Read this article. It makes many data-based claims that could be discussed but we'll focus on the headline and the first two paragraphs.

The headline says "Almost Half of Americans Aren't Saving Nearly Enough". That sounds like a lot of people but what do they mean by "almost half" What is meant by"Americans"? We get the first answer in the first paragraph "A reported 46 percent of the country's consumers store less than 5 percent of their annual incomes into longer-term savings." That's more specific. It's not just "almost half", it's 46%.

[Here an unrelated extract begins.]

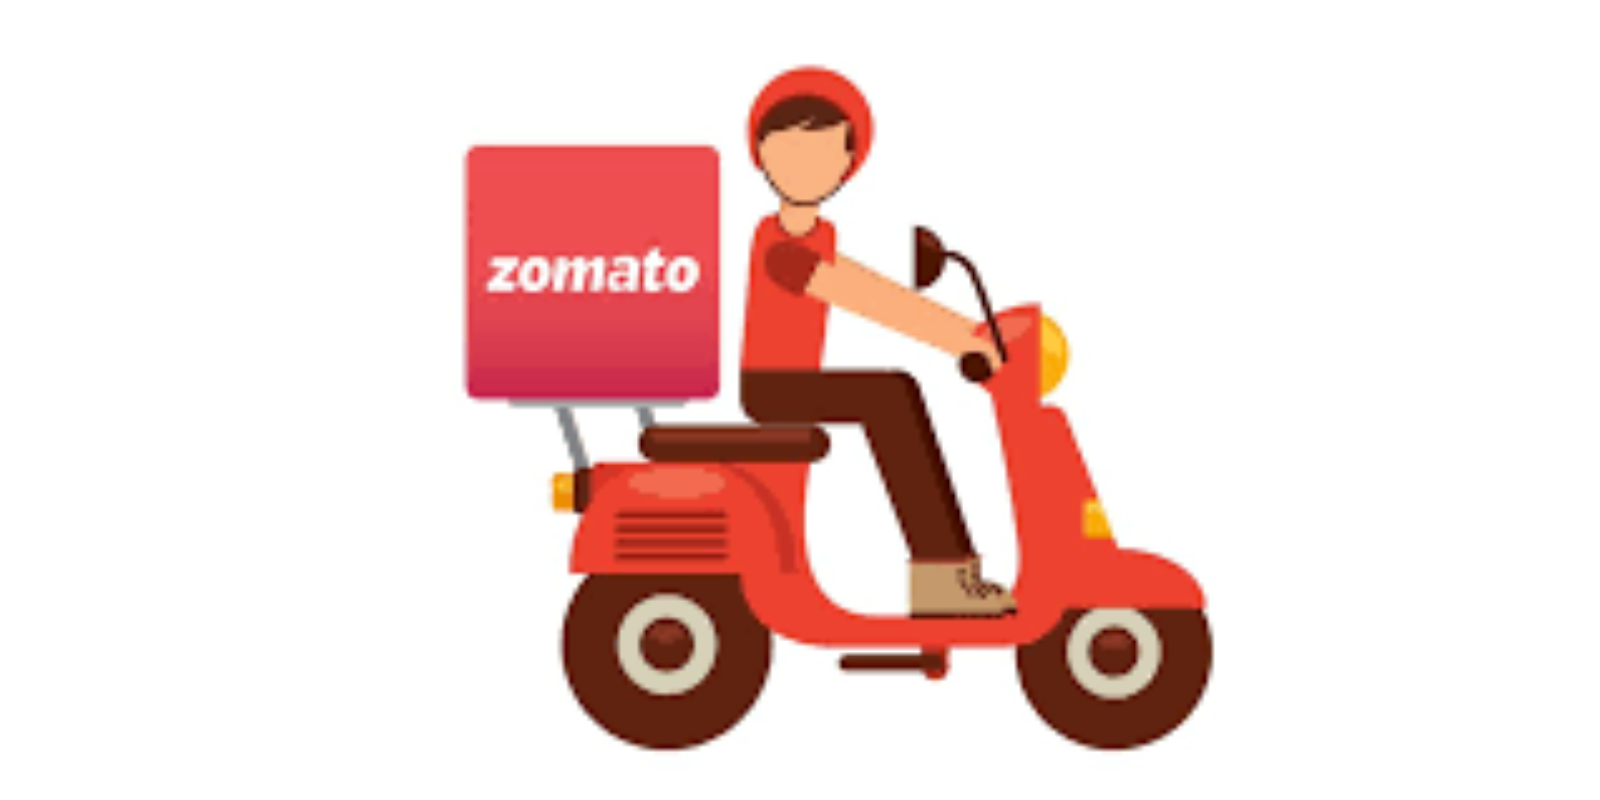 Zomato Digital Marketing Strategy In Nutshell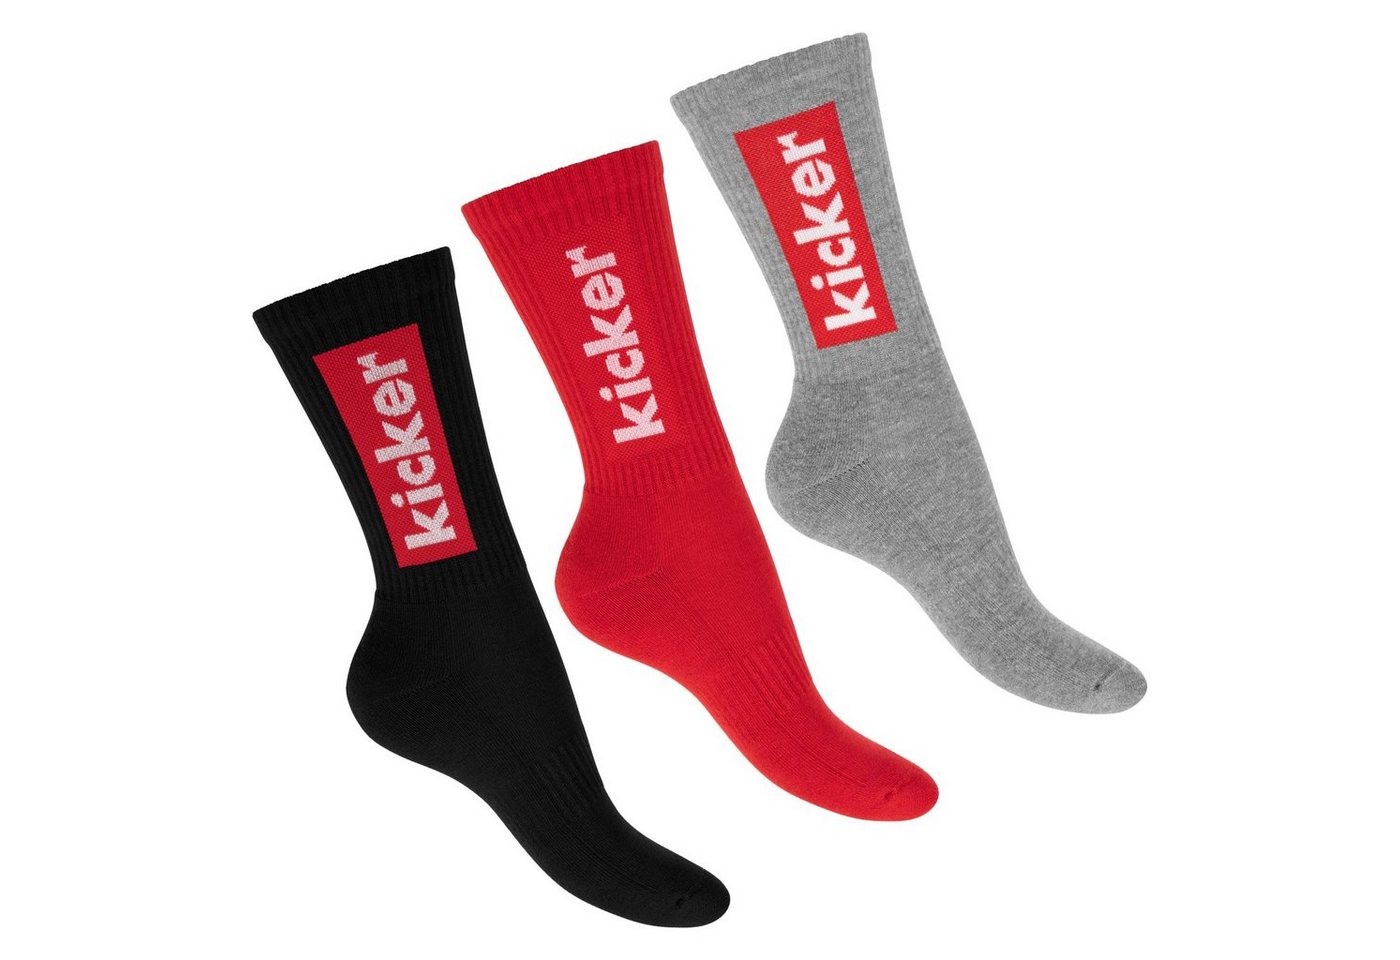 Kicker Tennissocken kicker Damen & Herren Crew Socks (3 Paar) Schwarz Rot Grau 35-38 (3-Paar) von Kicker

But how did they get that number? They didn't ask me. Did they ask you? If they didn't ask all "Americans" then how can they claim to know anything about all of them?

We get some answers in the second paragraph: "The study, which surveyed 1,000 adults living in the continental U.S" This answers a lot of questions. "Americans" in the headline is a poorly defined term. Anyone living in North, Central or South America could legitimately claim to be an "American". This study restricts the term to "adults" (another undefined term) living in the continental U.S. (sorry Alaskans and Hawaiians).

The headline isn't necessarily wrong, it just isn't very specific. Now that we know a bit more about the study we can make a much clearer statement: Of 1,000 adults surveyed, 46% claim to store less than 5% of their annual incomes in longer-term savings. Do you think it's reasonable to survey 1,000 U.S. adults and apply the results to ALL U.S. adults?

Read the following articles (Marijuana Use, Race Relations, Gluten-Free) and answer the following questions for each. You might need to dig into a link or two from the original article.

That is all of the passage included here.